Rota B: Diggings of the western part of the ancient city and the ancient Acropolis, Odeon, The roman house, Dionyso's temple, Seragia-section of the ancient Acropolis, The center of the city, The diggings of the eastern part of the ancient city, Hippocrate's plane tree, The medieval castle, The small picturesque harbour on the central seaside street

Bodrum'a dönüş plastik sandalyelerin üzerinde Türk feribotu ile gerçekleşiyor. Kişi başı 15 € (+ 3€ por tax) luk biletler Yunan feribotlarını düşününce açıkçası oldukça pahalı bir hizmet gibi göründü ama neyse... Hani Yunan feribotu bulamazsanız diye gene de yazayım online biletler için www.bodrumferryboat.com

 


Notlar:

Rodos'un güney tarafı turistik açıdan daha popüler, dolayısıyla yerleşim ve imkanlar kuzeye göre daha fazla. Kuzey çok rüzgar aldığı dolayısıyla deniz dalgalı olduğundan çok fazla tercih
edilmiyormuş. Bu arada konakladığımız Ialyssos adanın kuzey tarafındaydı.

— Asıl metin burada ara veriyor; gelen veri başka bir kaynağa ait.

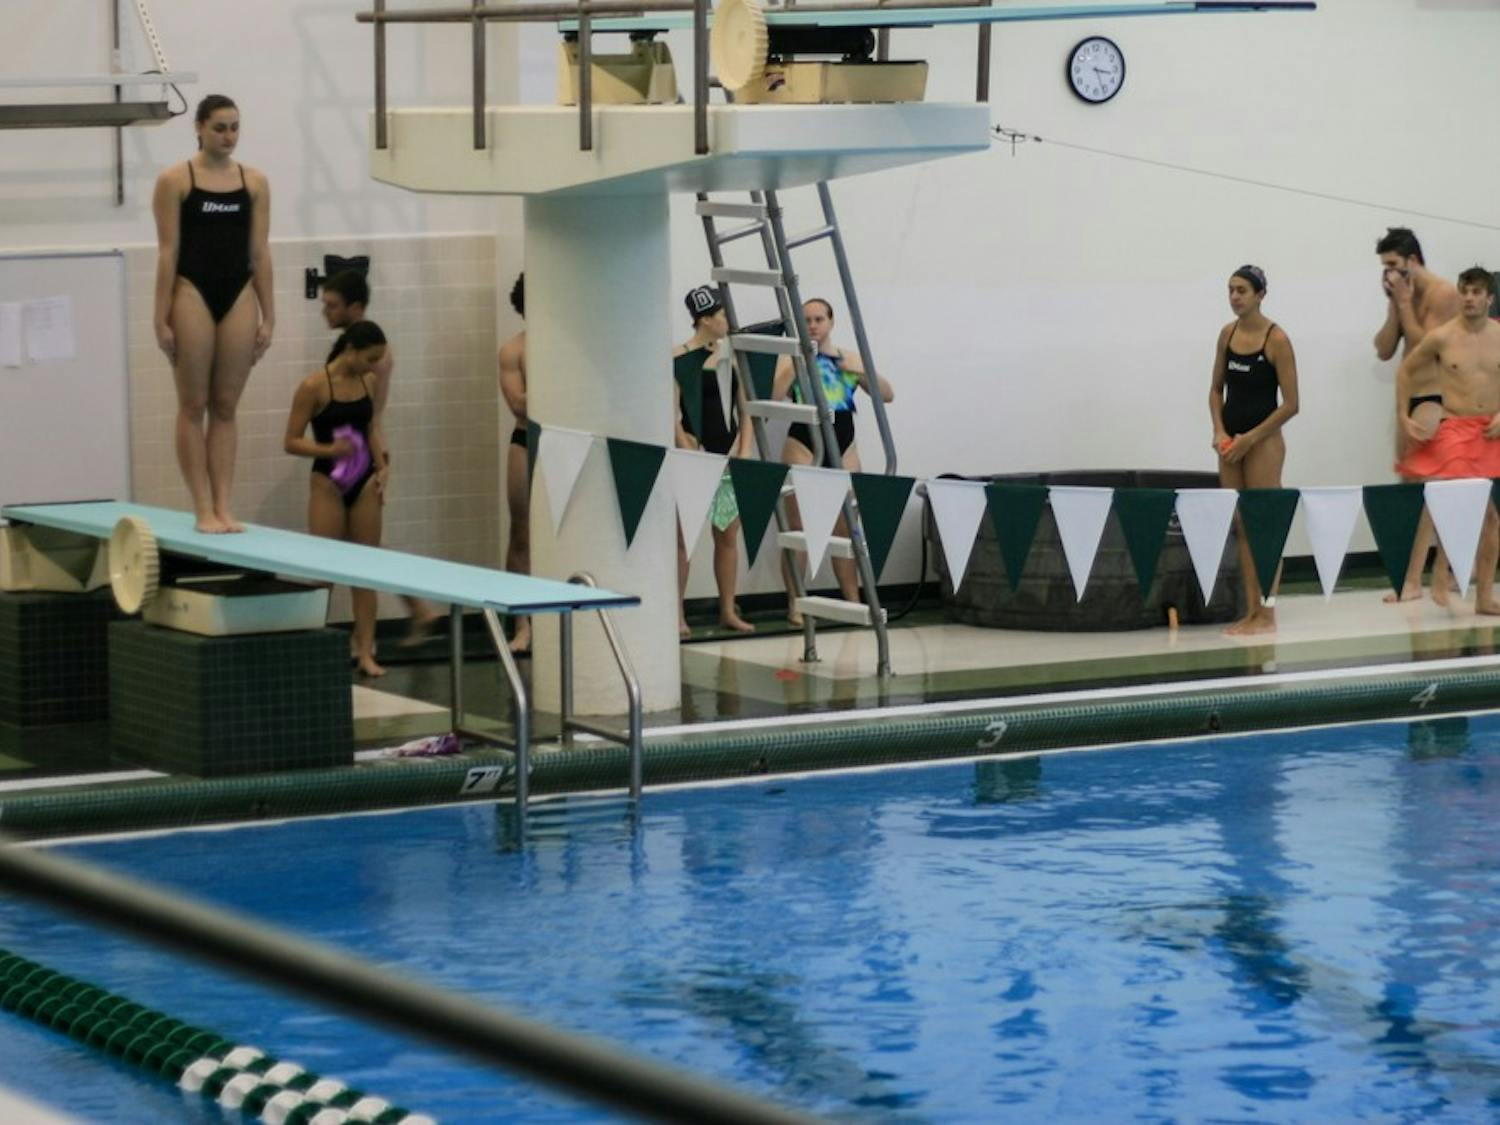 Along with the diving competition, this year’s Dartmouth Invitational also featured a strong performance by AnnClaire MacArt ’18, who broke the record for the 1,650-yard freestyle.
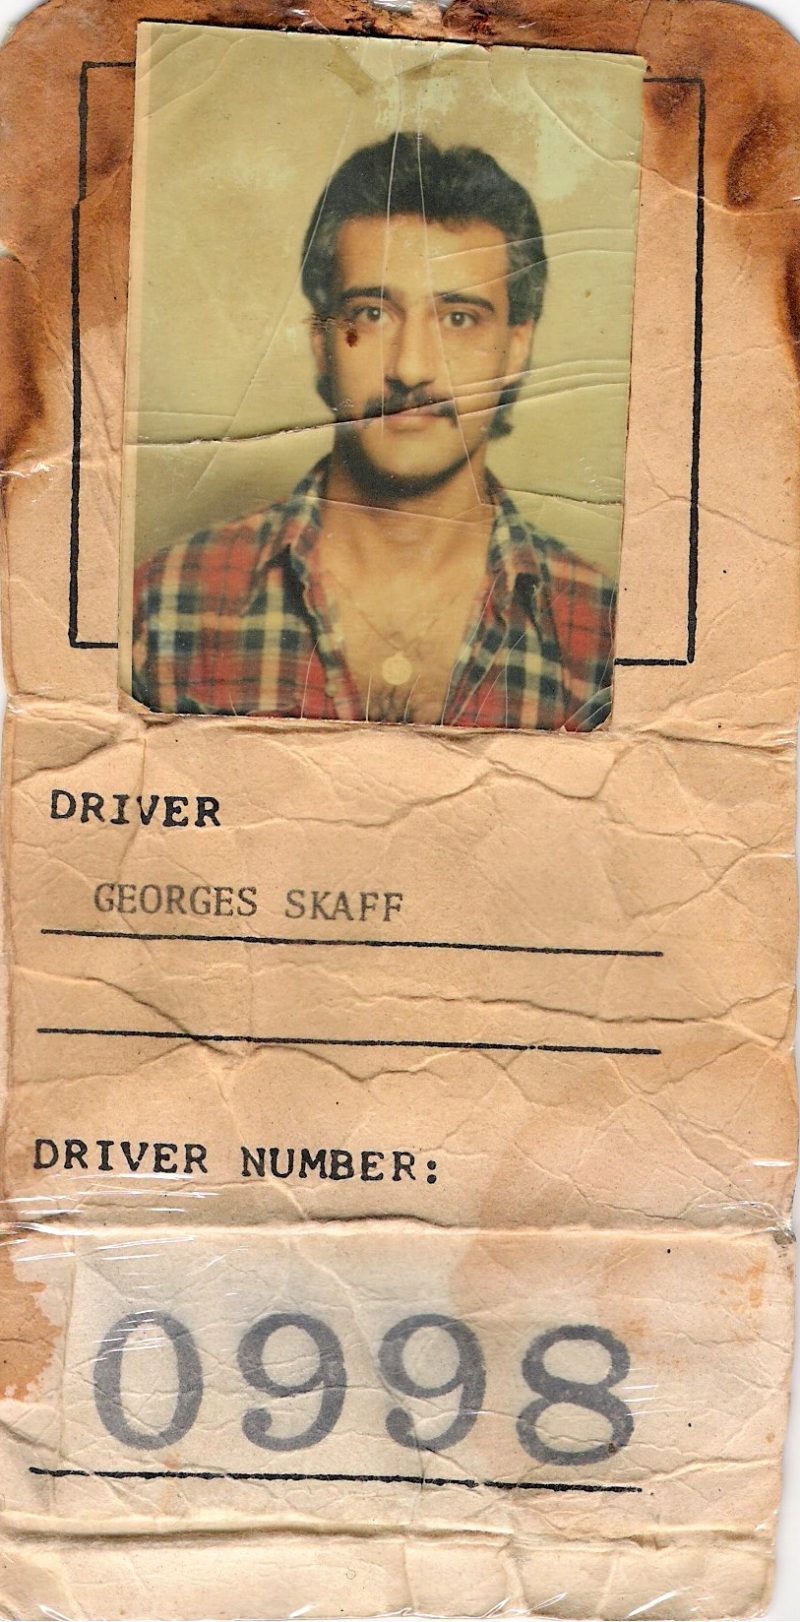 Found Taxi Driver Photo ID & Number, 'George Skaff, #0998', Unknown Origin but found in New York City, Measures 2.75 x 5.5 inches. $45.

Hediyelik olarak Yunan adalarının (sanıyorum daha çok Santorini) her boy resimleri, denizden çıkarılan her türlü minare, deniz yıldızı, sünger vb ürün, hatta bunlardan yapılmış orjinal takılar, uzo (rakının türevi Yunan içkisi), mastika (Sakızlı likör veya sakız reçeli), bodrum sandaletlerine benzer deri sandaletler, mavi taşlı gümüş takılardan alınabilir.